ГЛАВА 1
Новогодняя ночь выпала на воскресенье. И это было бы куда менее проблематично, если бы моя бабушка не считала слова «Собери семью на воскресный ужин» незыблемой заповедью, а дядя Рио не взялся бы разливать гостям вино.
Вина было много.
К тому времени, как мы начали убирать посуду со стола, стало ясно, что ни один взрослый в ближайшее время не сможет сесть за руль, чтобы отправиться домой. А учитывая то, что у моего отца было семеро братьев и сестер, каждый из которых успел жениться и обзавестись детьми, которые были на десяток, а то и больше лет старше меня, «взрослых» было много. В то время как я заносила на кухню гору тарелок, за моей спиной затевалось больше дюжины споров, заглушенных звуками неистового смеха.
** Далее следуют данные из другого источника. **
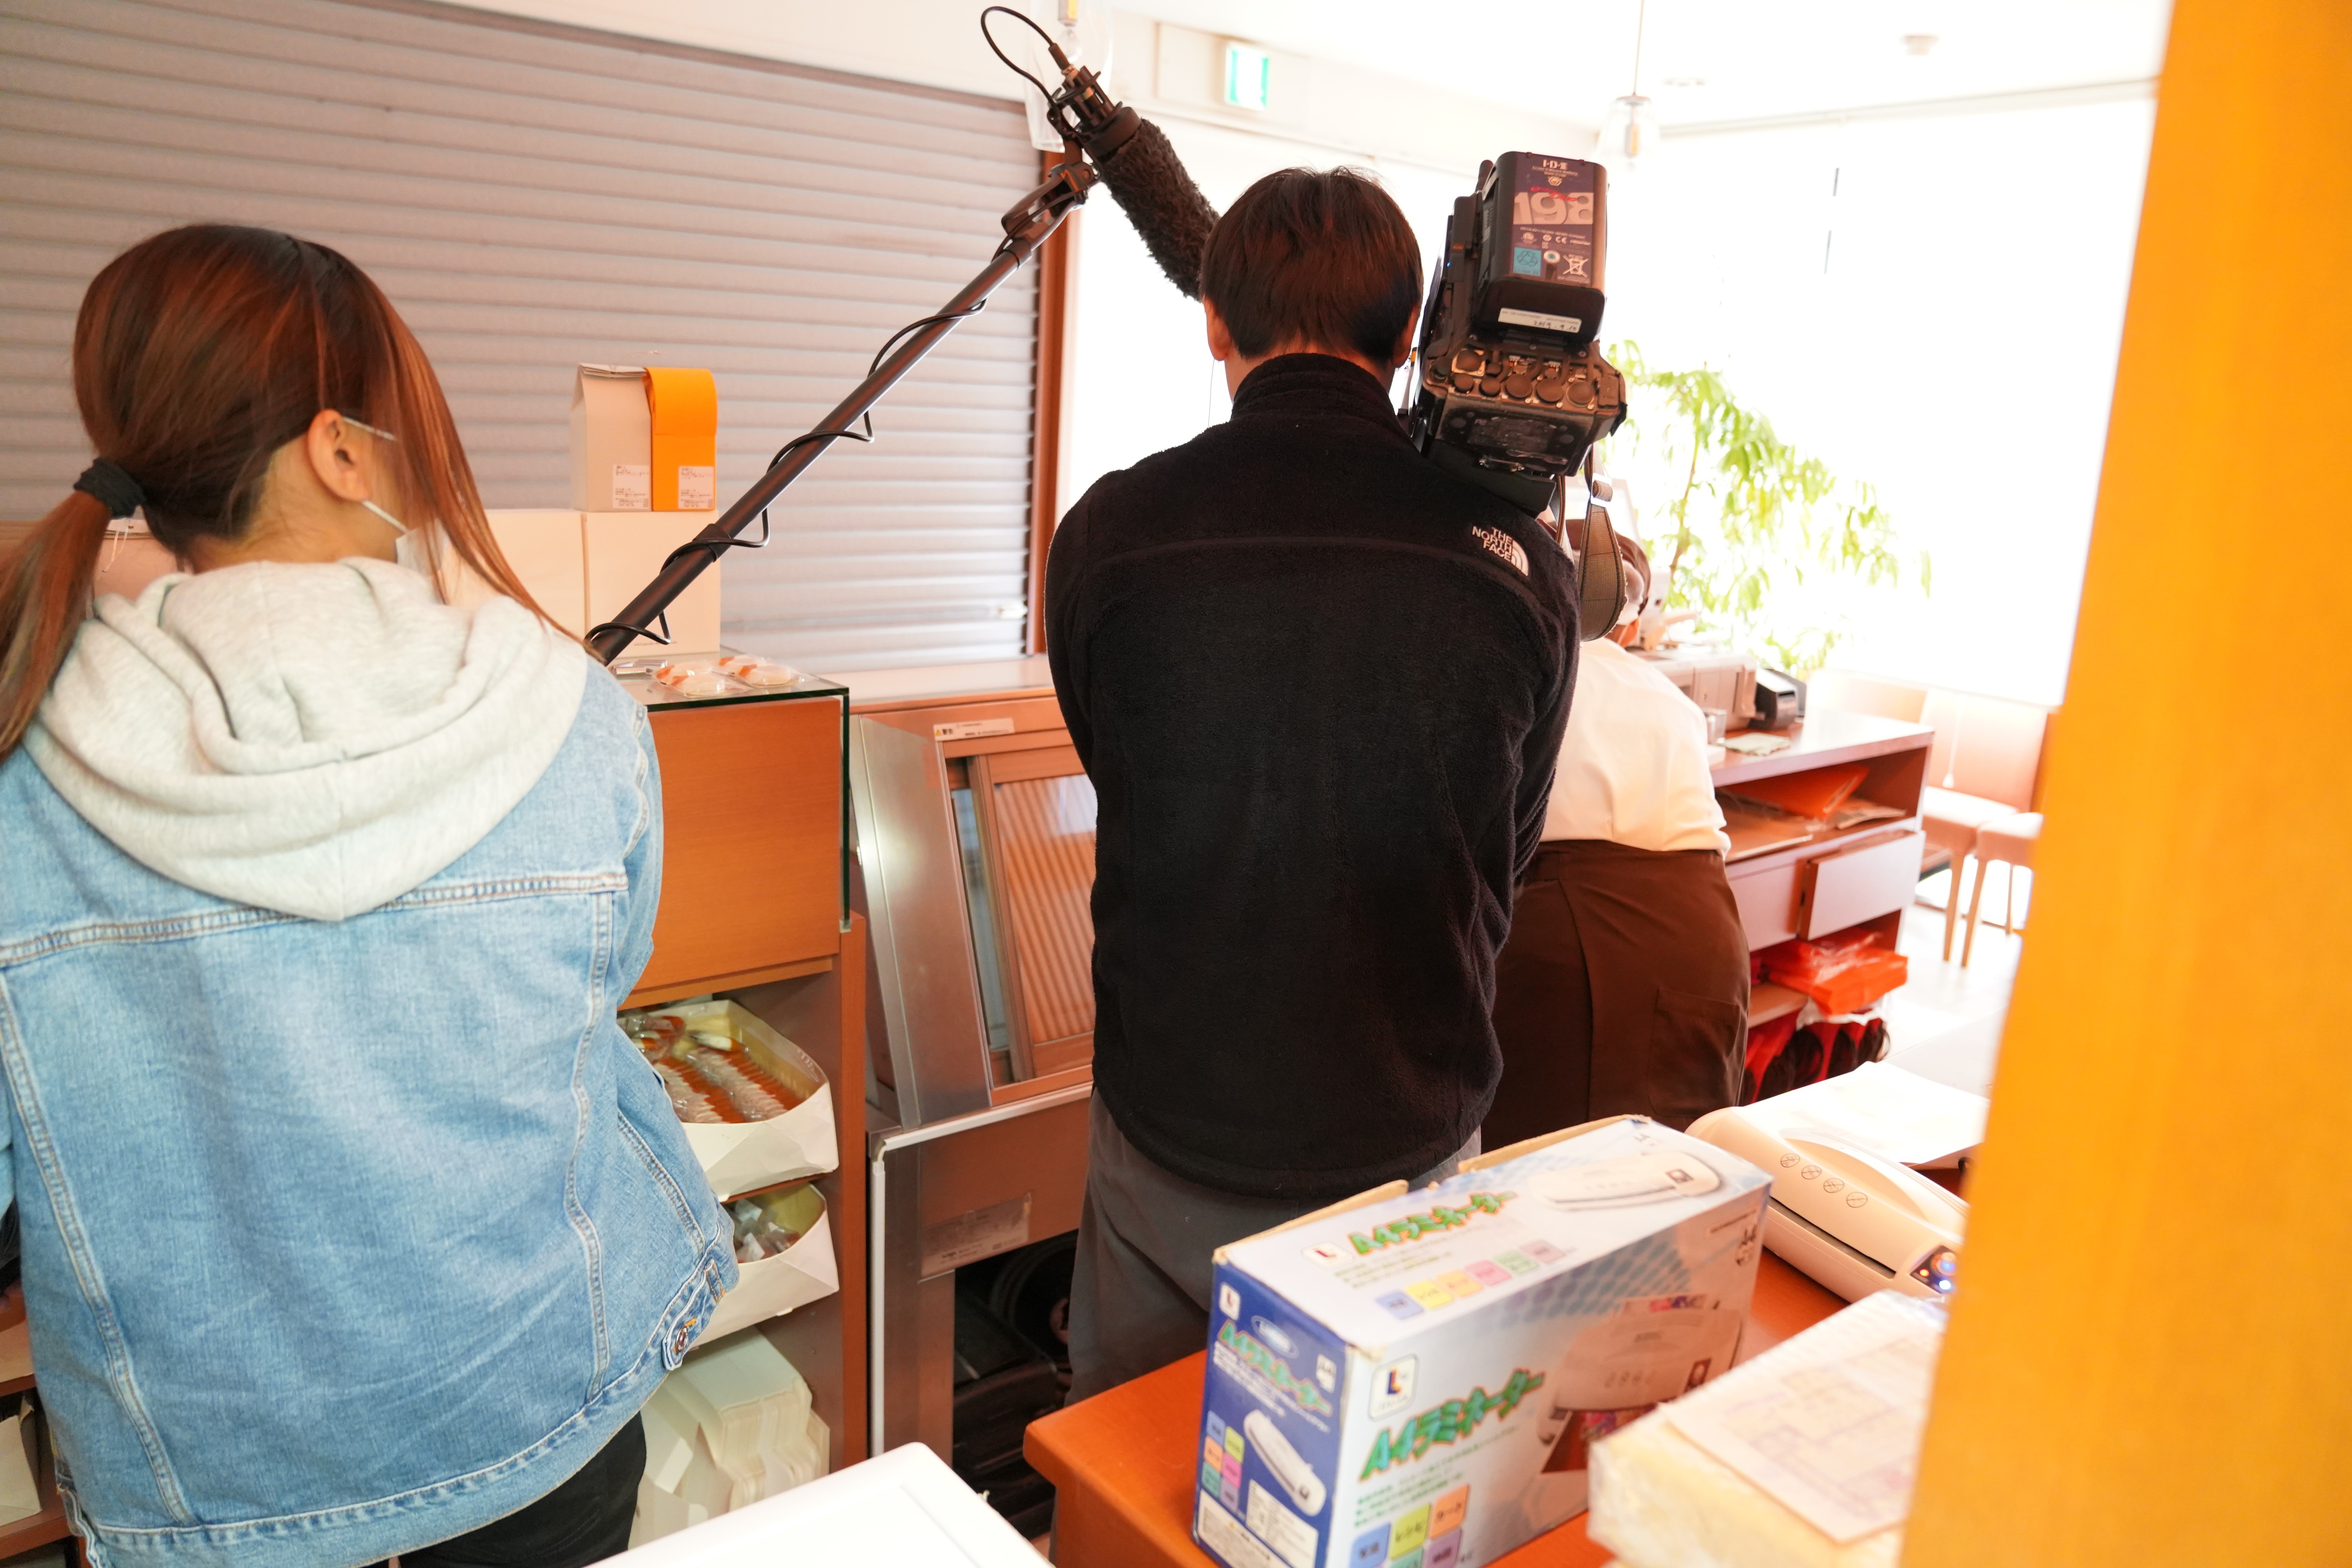 【単なる告知】今日の夕方の関西情報ネットten.「街の洋菓子店倒産が増えている特集？」

Со стороны происходящее походило на хаос. Но на взгляд профайлера, всё было просто. Просто понять. Просто найти смысл. Это была семья. Что-то вроде семьи, состоящей из самых разных личностей – таких здесь хватало: заправленные и не заправленные рубашки, тарелки разбивались, но обращались с ними осторожно.
– Кэсси, – стоило мне зайти на кухню, как мой двоюродный дедушка одарил меня незлобной, сонной улыбкой. – Ты ведь соскучилась по семье, да? Приехала навестить своего старого дядюшку Рио!
Все до единого люди в этом доме считали, что последние шесть месяцев я провела, будучи частью программы для одаренных детей, спонсируемой правительством. Что-то вроде школы-интерната. Кое-что из этого даже было правдой.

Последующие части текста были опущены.